Oliver Koo | Workers Software program Engineer
At Pinterest, our cell infrastructure is core to delivering a high-quality expertise for our customers. On this weblog, I’ll showcase how the Pinterest Cellular Builds workforce is leveraging Honeycomb(™) (beginning in 2021) to boost observability and efficiency in our cell builds and steady integration (CI) workflows.
Our cell builds workforce depends on Honeycomb(™) as a strong information engine to visualise construct metrics, analyze traits, and make data-driven choices. From monitoring construct occasions to categorizing errors, Honeycomb(™) empowers us with essential insights into our CI workflows, enabling us to proactively handle points and optimize efficiency.
We’ve constructed dashboards that set up baseline metrics, monitoring key CI indicators like construct occasions, pipeline success charges, and cluster utilization for each iOS and Android builds. Whereas many information platforms or CI suppliers can provide these capabilities out of the field, the true magic occurs when we have to go deeper — when traits look irregular, or when nuanced evaluation is required to uncover hidden points.
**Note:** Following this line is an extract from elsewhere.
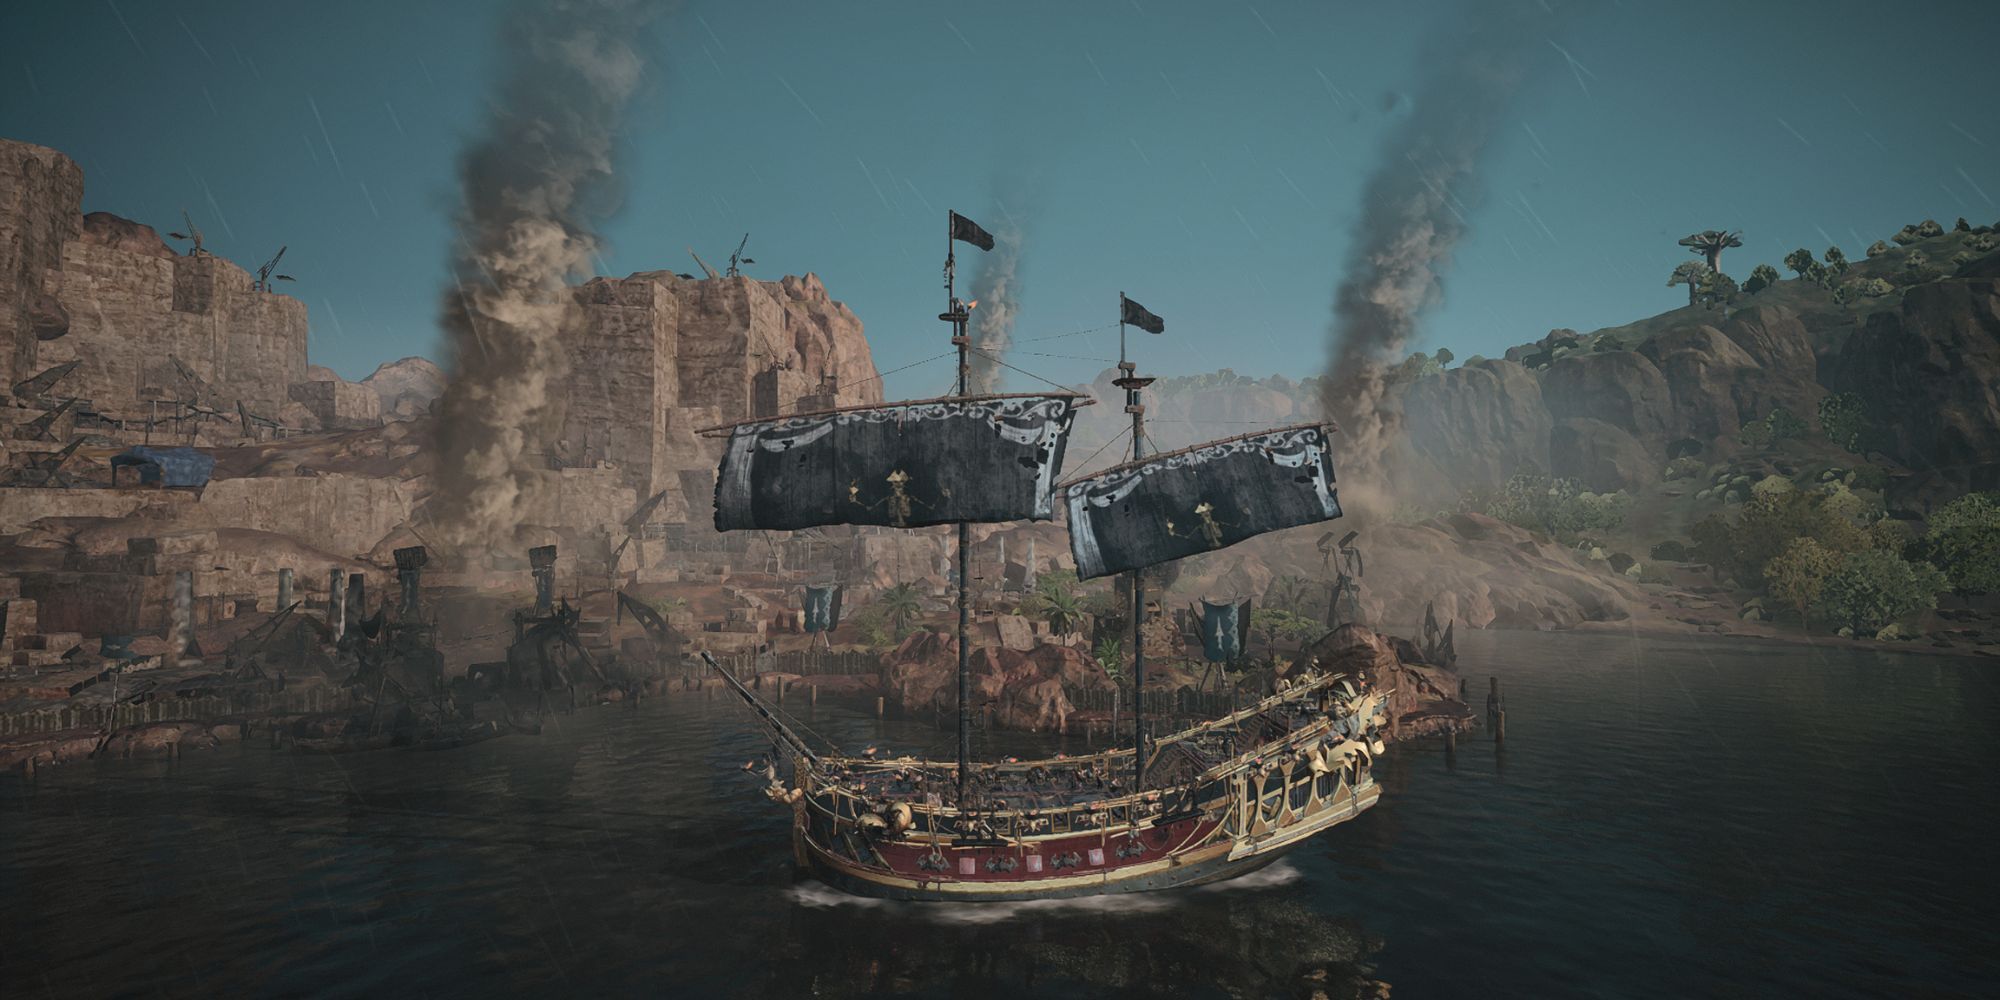 Skull And Bones Ship Standing In Front Of Plundered Outpost

That is the place Honeycomb(™) really excels. Its intuitive question builder makes slicing and dicing information seamless, enabling us to drill into granular particulars with ease. Options like derived columns allow us to create dynamic metrics on the fly, whereas its blazing-fast efficiency ensures that even with 1 million occasions despatched every day[1] only for our CI construct dataset, most queries are accomplished in below a second.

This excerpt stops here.